- _Problem to work on_: Produce a verbatim copy of the data below that contains no pictures.

- _The data_:
----

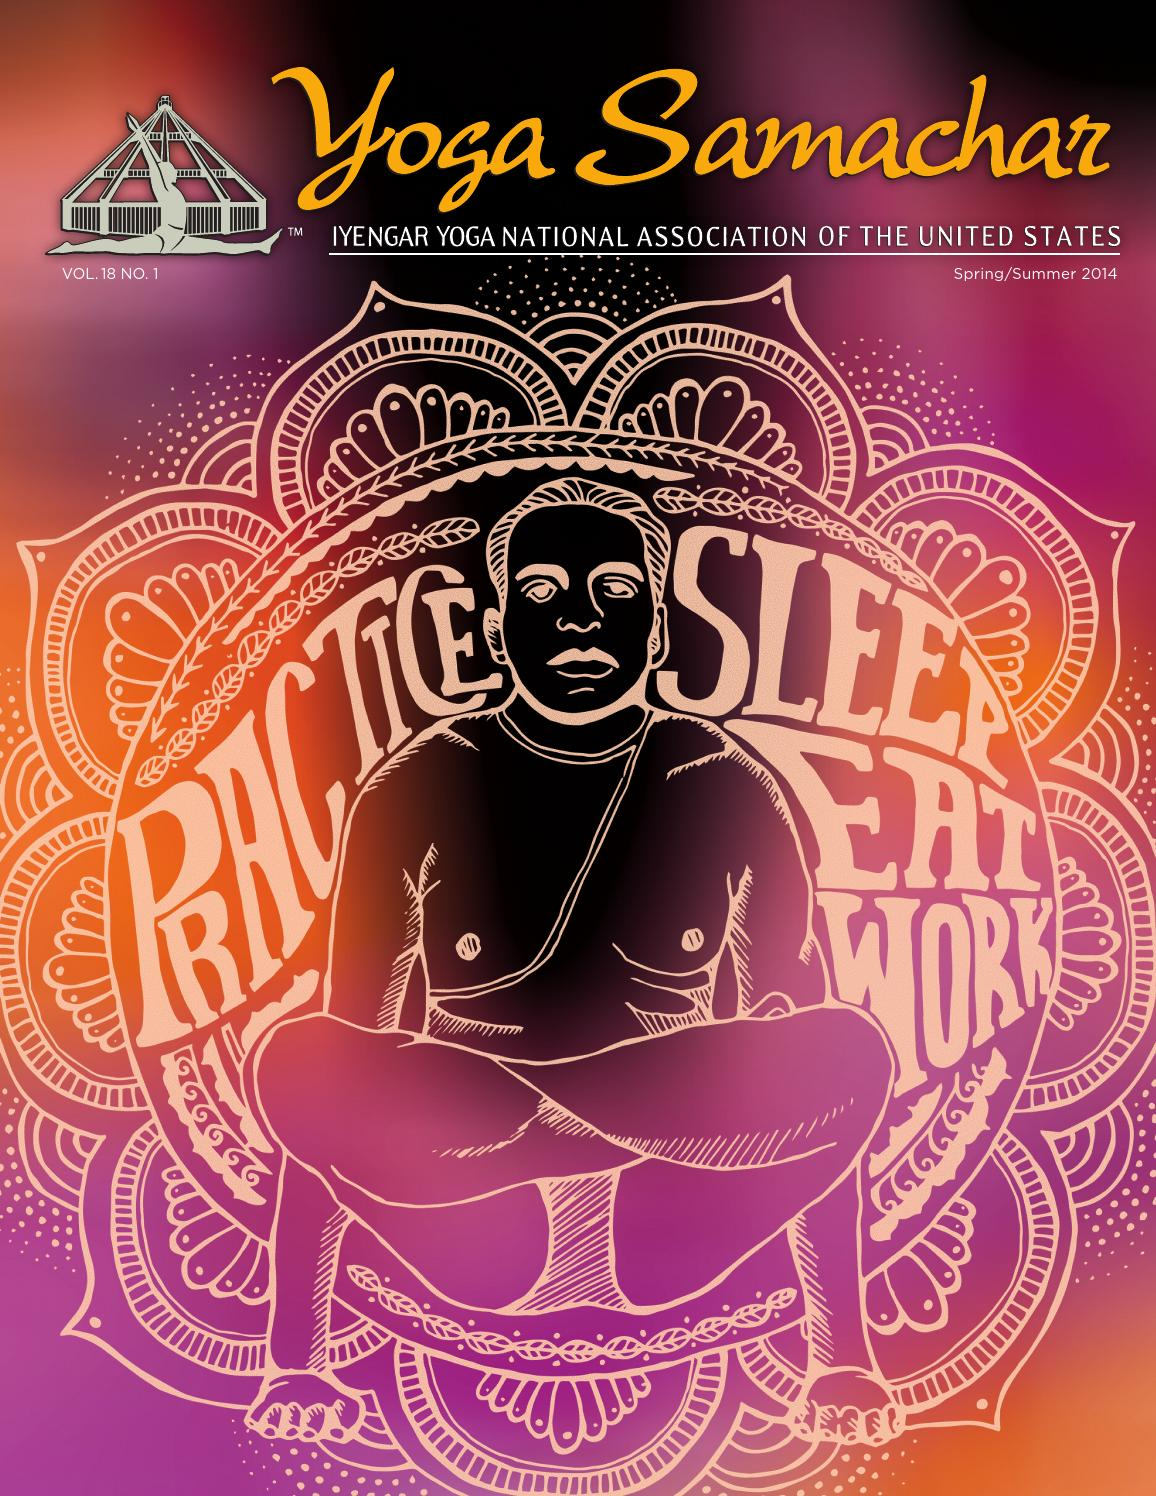 Yoga Samachar Spring Summer2014 By Don Gura Graphic Design Inc Issuu
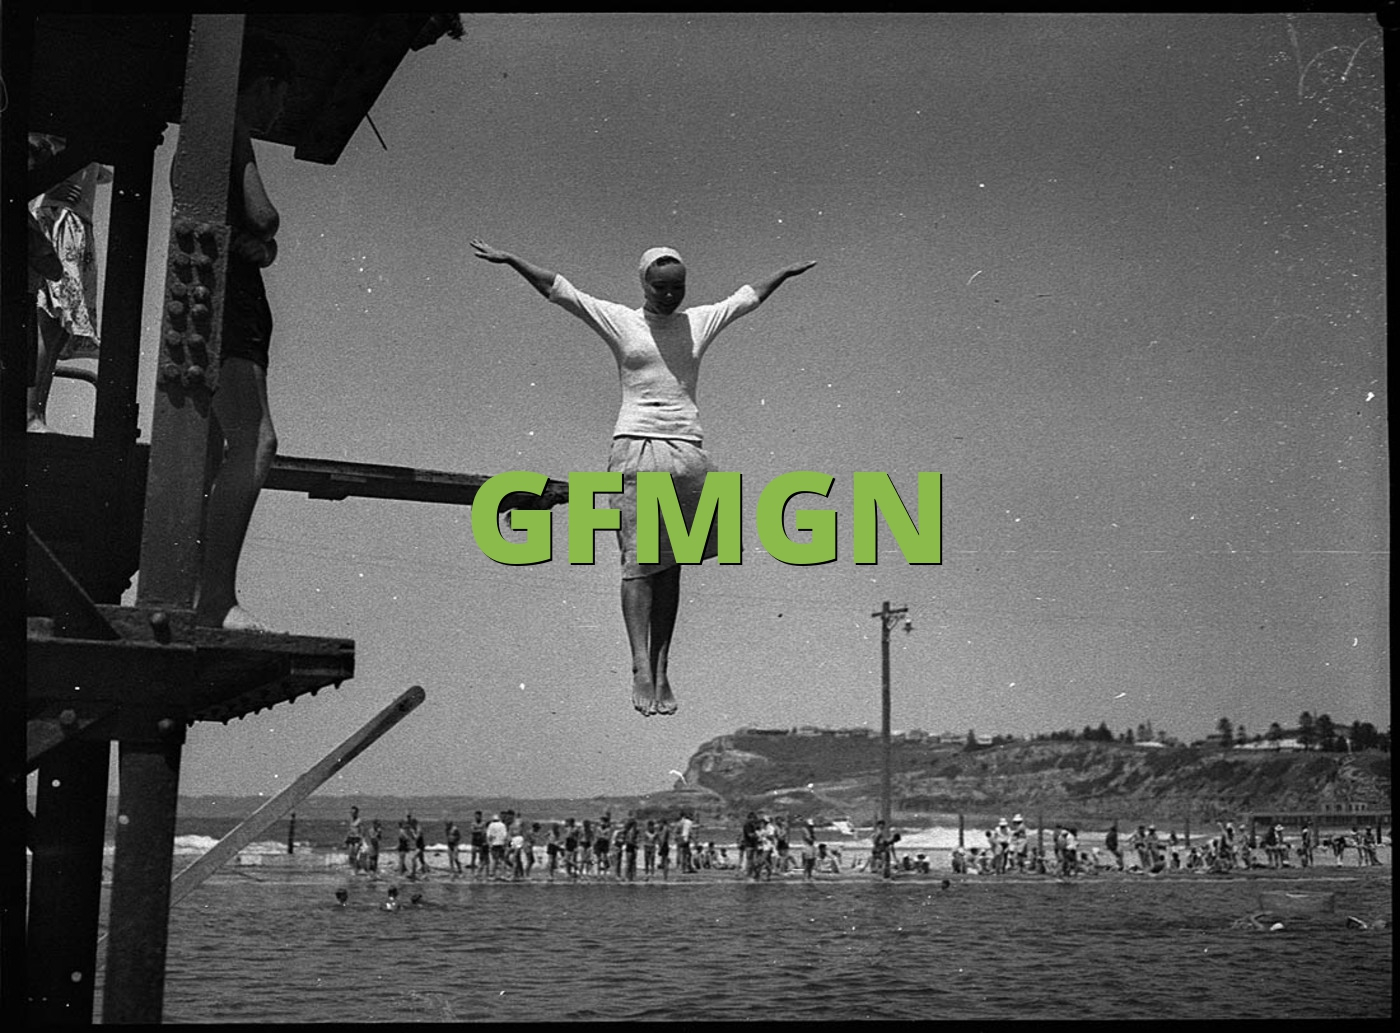 GFMGN
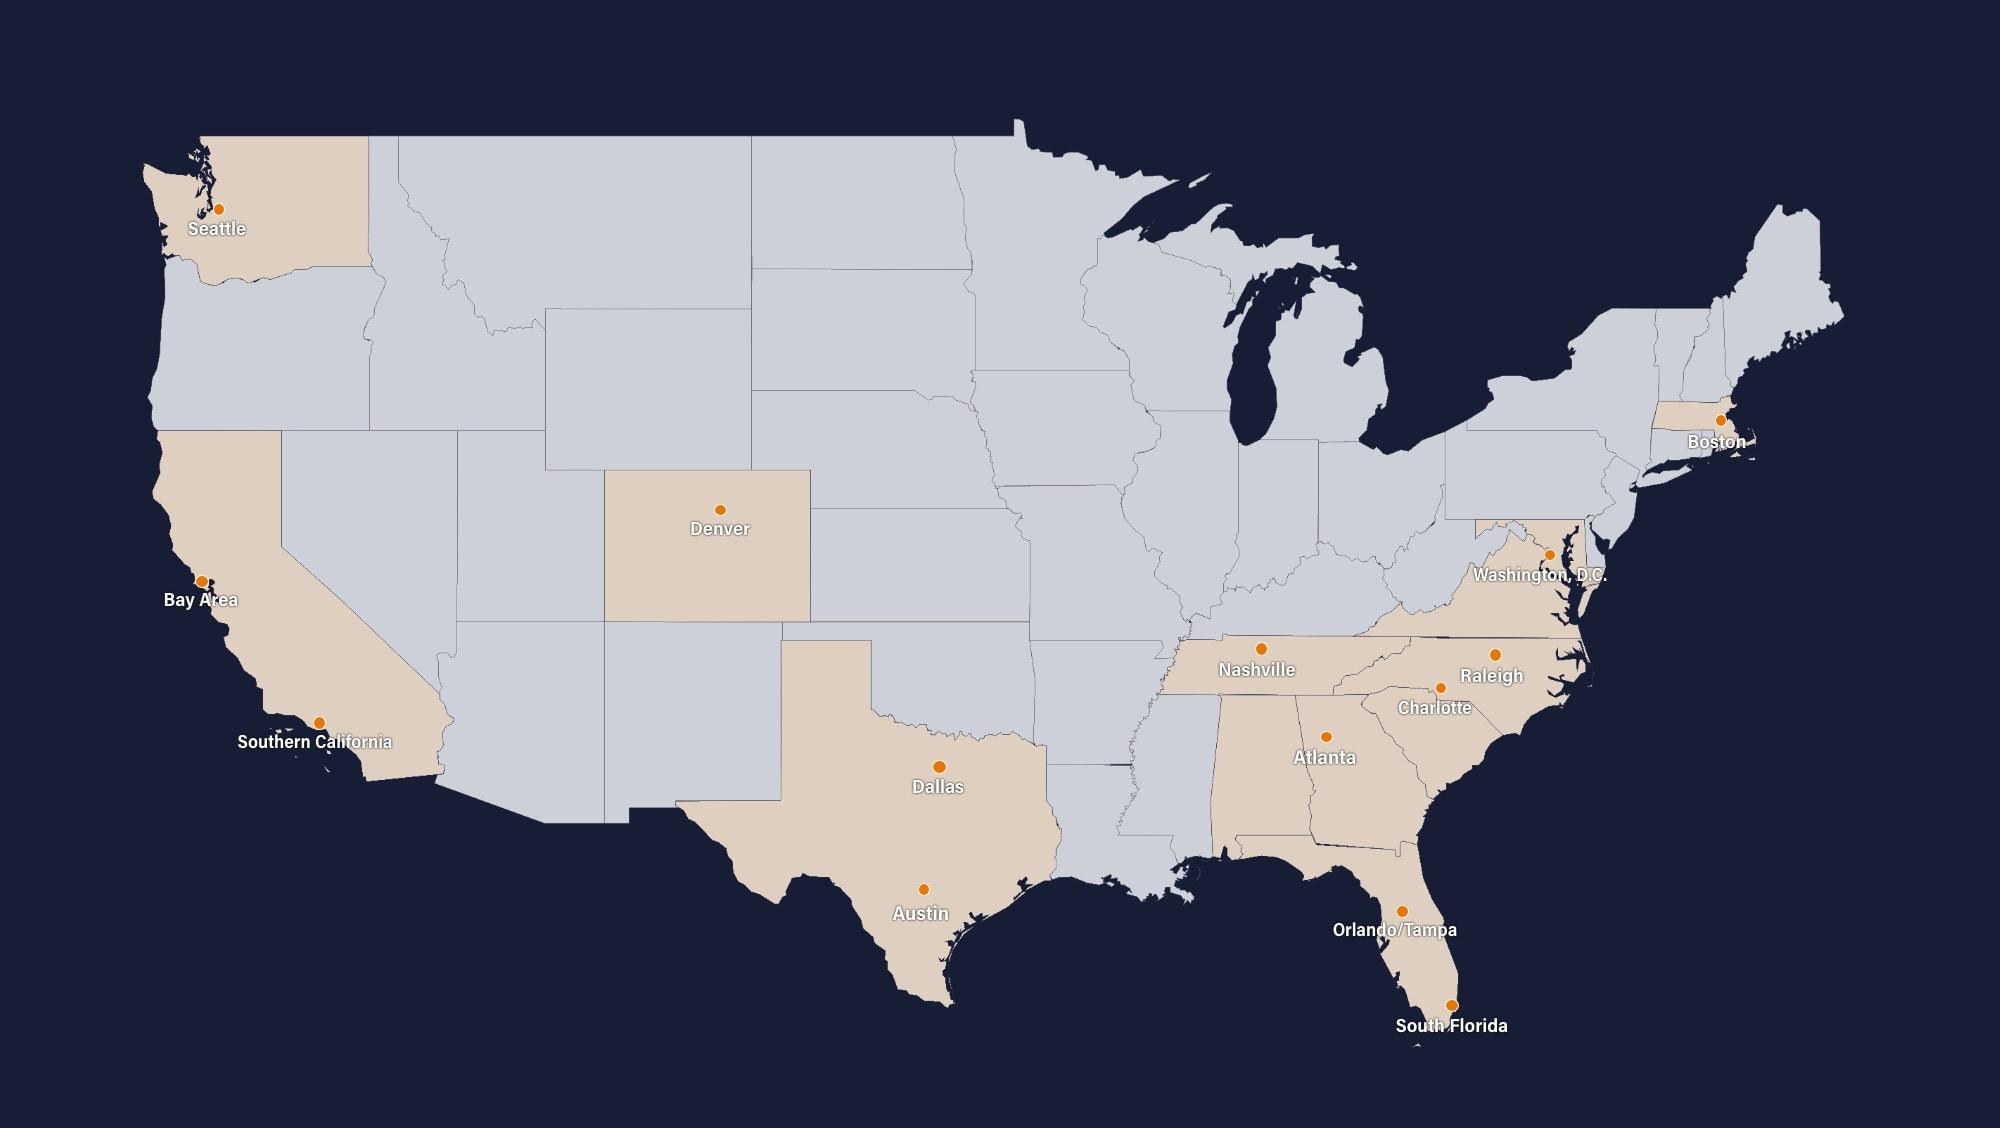 U.S. map depicting various apartment locations

----

- _Result of this task_:
 Yoga Samachar Spring Summer2014 By Don Gura Graphic Design Inc Issuu
 GFMGN
 U.S. map depicting various apartment locations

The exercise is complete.